The timer resolution is approximately 45 ns on modern hardware. This means you can meaningfully profile operations down to the microsecond level -- useful for measuring individual SQL queries, template renders, and serialization passes.

@profile_handler

Profile individual route handlers by adding the @profile_handler decorator:

from hyperdjango.profiling import profile_handler

@app.get("/api/users")
@profile_handler
async def list_users(request):
    users = await User.objects.all()
    return {"users": [u.to_dict() for u in users]}

When a profiled handler executes, the decorator:

  1. Creates a RequestProfile with the request method and path
  2. Records the handler start time in nanoseconds
  3. Executes the handler
  4. Records handler duration
  5. Attaches the profile as an X-Profile header on the response

The X-Profile header contains a human-readable timing breakdown:

X-Profile: total=1.2ms handler=0.8ms sql=0.3ms(2q) middleware=0.1ms

The timing categories are:

Category What it measures
total End-to-end request time
handler Time spent in the route handler function
sql Total database query time (with query count)
middleware Time spent in middleware processing
routing Time spent resolving the route

X-Profile Header

The X-Profile header is added automatically by @profile_handler. You can also enable it per-request by passing ?profile=1 as a query parameter:

GET /api/users?profile=1 HTTP/1.1

HTTP/1.1 200 OK
X-Profile: total=1.2ms handler=0.8ms sql=0.3ms(2q) middleware=0.1ms routing=45ns
Content-Type: application/json

To get the full profile as JSON instead of the header summary, use ?profile=json:

profile = get_current_profile()
if profile:
    data = profile.to_dict()
    # Returns:
    # {
    #     "method": "GET",
    #     "path": "/api/users",
    #     "total_ns": 1200000,
    #     "total": "1.2ms",
    #     "middleware_ns": 100000,
    #     "routing_ns": 45,
    #     "handler_ns": 800000,
    #     "sql_total_ns": 300000,
    #     "sql_count": 2,
    #     "queries": [
    #         {"sql": "SELECT * FROM users...", "duration_ns": 150000, "duration": "150.0us"},
    #         {"sql": "SELECT * FROM profiles...", "duration_ns": 150000, "duration": "150.0us"},
    #     ]
    # }

RequestProfile

Every profiled request produces a RequestProfile dataclass:

from hyperdjango.profiling import RequestProfile, SQLQuery

@dataclass(slots=True)
class RequestProfile:
    method: str = ""
    path: str = ""
    start_ns: int = 0
    total_ns: int = 0
    middleware_ns: int = 0
    routing_ns: int = 0
    handler_ns: int = 0
    sql_total_ns: int = 0
    sql_queries: list[SQLQuery] = field(default_factory=list)
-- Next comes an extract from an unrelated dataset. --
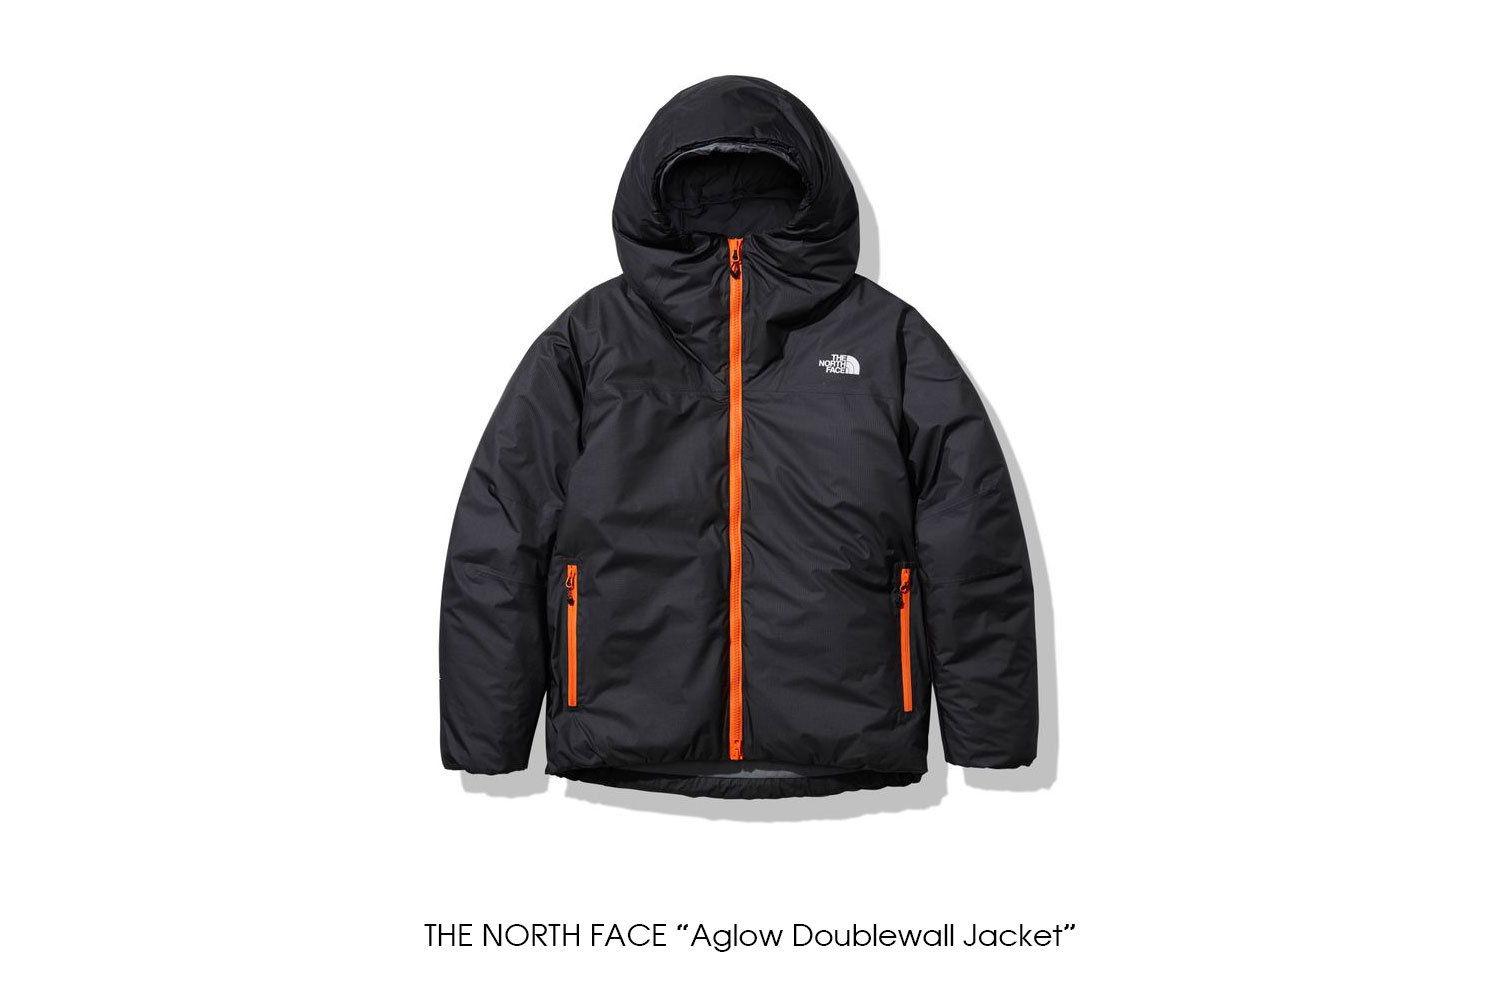 THE NORTH FACE "Aglow Doublewall Jacket"

Each SQL query is recorded as an SQLQuery:

@dataclass(slots=True)
class SQLQuery:
    sql: str
    duration_ns: int
    params: tuple | None = None

Key methods on RequestProfile:

Method Returns Description
to_header() str Format as X-Profile header value
to_dict() dict Full profile as JSON-serializable dict
to_collapsed_stack() str Collapsed stack format for flame graphs
sql_count int Number of SQL queries (property)

Query Tracking

SQL queries are recorded into the current profile automatically when the database layer is instrumented. You can also record queries manually:

from hyperdjango.profiling import record_sql, nanos, elapsed_nanos

start = nanos()
result = await db.query("SELECT * FROM users WHERE active = $1", [True])
duration = elapsed_nanos(start)

record_sql("SELECT * FROM users WHERE active = $1", duration, params=(True,))
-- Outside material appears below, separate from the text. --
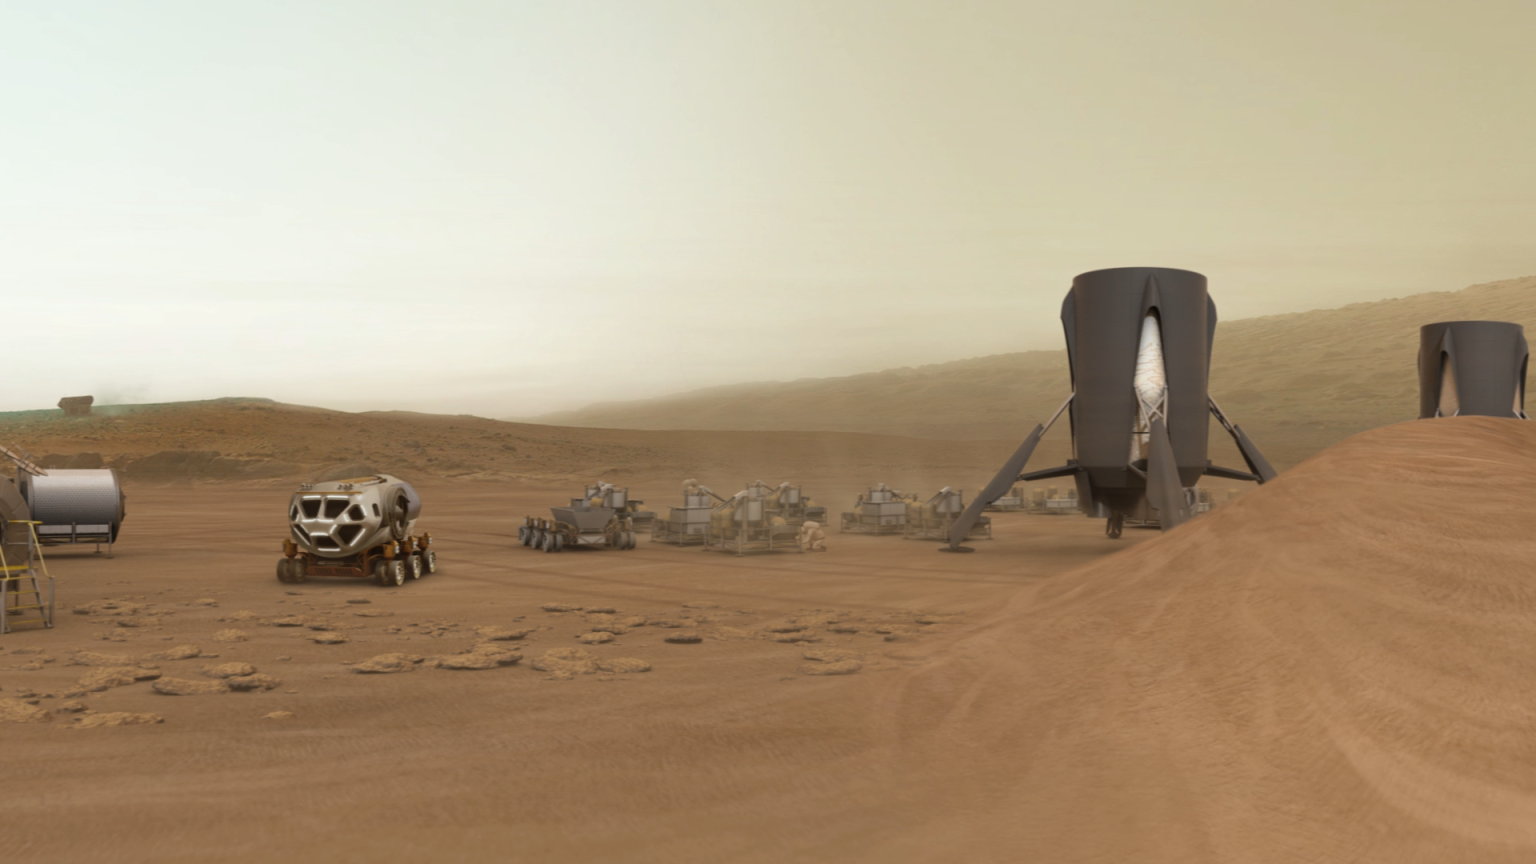 A vehicle is parked next to a Martian base. Cargo can be seen next to the base and vehicle.

Per-request query statistics are available via the RequestProfile:

profile = end_profile()
print(f"Queries: {profile.sql_count}")
print(f"Total SQL time: {profile.sql_total_ns / 1_000_000:.1f}ms")
for q in profile.sql_queries:
    print(f"  {q.duration_ns / 1000:.0f}us  {q.sql[:80]}")

Performance Middleware

The PerformanceMiddleware provides automatic per-request monitoring without decorating individual handlers:

from hyperdjango.performance import PerformanceMiddleware

perf = PerformanceMiddleware(
    slow_query_threshold_ms=100.0,    # Log queries slower than 100ms
    n_plus_one_threshold=5,           # Flag SQL patterns repeated 5+ times
    max_history=1000,                 # Keep last 1000 request stats
    dashboard_path="/debug/performance",  # Dashboard URL
    enabled=True,
)
app.use(perf)

Configuration Options

Parameter Default Description
slow_query_threshold_ms 100.0 Queries slower than this are flagged as slow
n_plus_one_threshold 5 A SQL pattern repeated this many times triggers N+1 warning
max_history 1000 Ring buffer size for recent request stats
dashboard_path "/debug/performance" URL path for the HTML dashboard
enabled True Toggle middleware on/off

Response Headers

The middleware adds headers to every response:

X-Query-Count: 7
X-Query-Time: 12.3ms
X-N-Plus-One: 1        # Only present when N+1 detected

N+1 Detection

N+1 query detection works by normalizing SQL queries (replacing literals with ? placeholders) and counting how many times each normalized pattern appears in a single request. If any pattern exceeds the n_plus_one_threshold, it is flagged.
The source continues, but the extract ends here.